In the M-YX relation, the gravitational heating alone (black dotted line in the left panel of Fig. 8) is not enough to match the observational data, and additional processes have to be included. The slope obtained by Short et al. (2010) when including only the gravitational processes in the simulations is steeper than the slope predicted by the self-similar scenario, which was quite well reproduced when the non-gravitational heating was included in the simulations. Thus, on one hand the observed relation seems weakly affected by the non gravitational processes (confirmed also by the fact that the relation shows the same slope at all the masses), on the other hand, simulations need to include feedback to match the observed slope. Although our slope agrees well with the prediction from Short et al. (2010) when the energy input from supernovae and AGNs (FO run) were included, the normalization is ~14% lower than the prediction from their simulation.

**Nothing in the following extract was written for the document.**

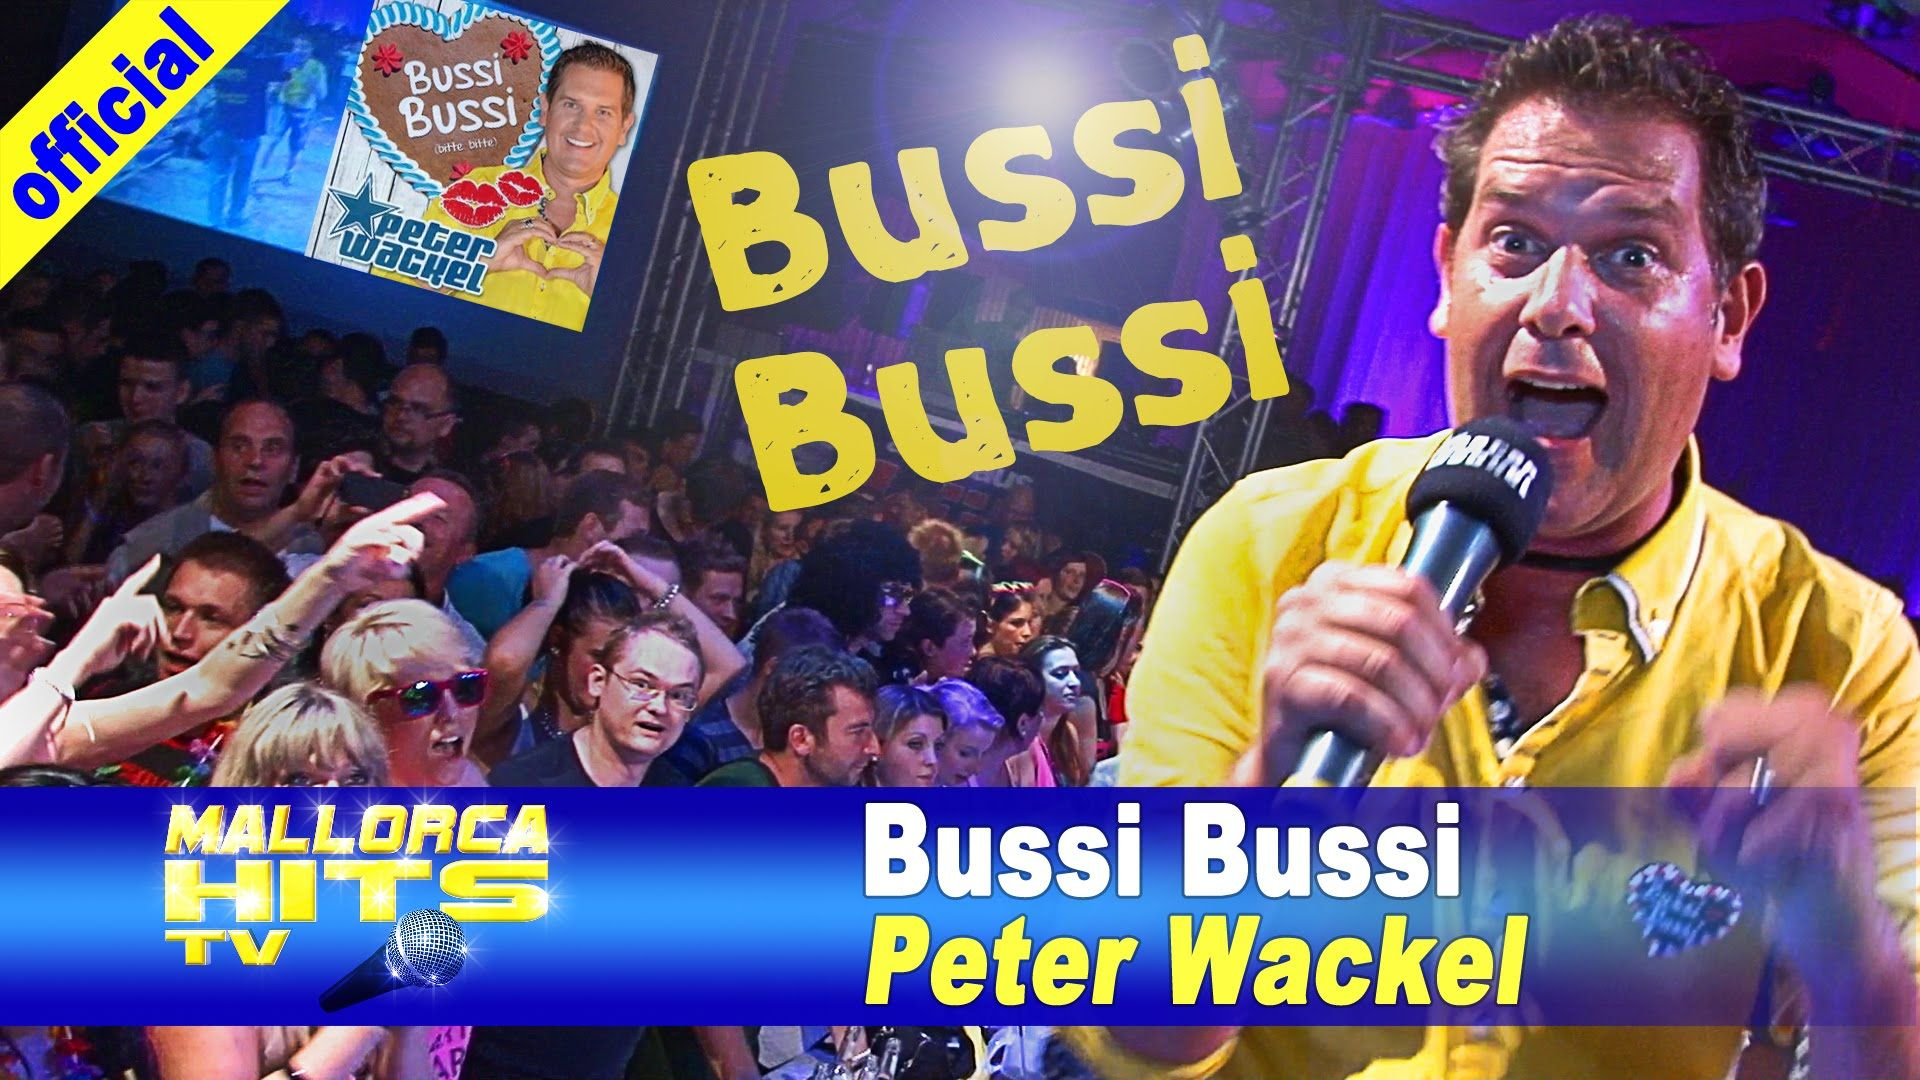 "Peter Wackel´s neuer Hit ""Bussi Bussi (bitte bitte)"" - das erste offizielle Musikvideo von Peter Wackel´s neuem Song.  http://mallorcahitstv.de/2014/09/peter-wackel-bussi-bussi/"

The observational results for the M-T relation compared with the predictions by Short et al. (2010) are shown in the center panel of Fig. 8. Although at high masses there is a good agreement (difference <10% at 10 keV) in the low-mass regime, there is a strong difference (~25% at 1 keV) between our observational results and the simulations. On the other hand, they neglect cooling processes so that systems with a cool-core are not formed, whiche prevents a comparison with our group sample that contains a large fraction of such systems. Thus, the mismatch between observation and simulations requires further investigations.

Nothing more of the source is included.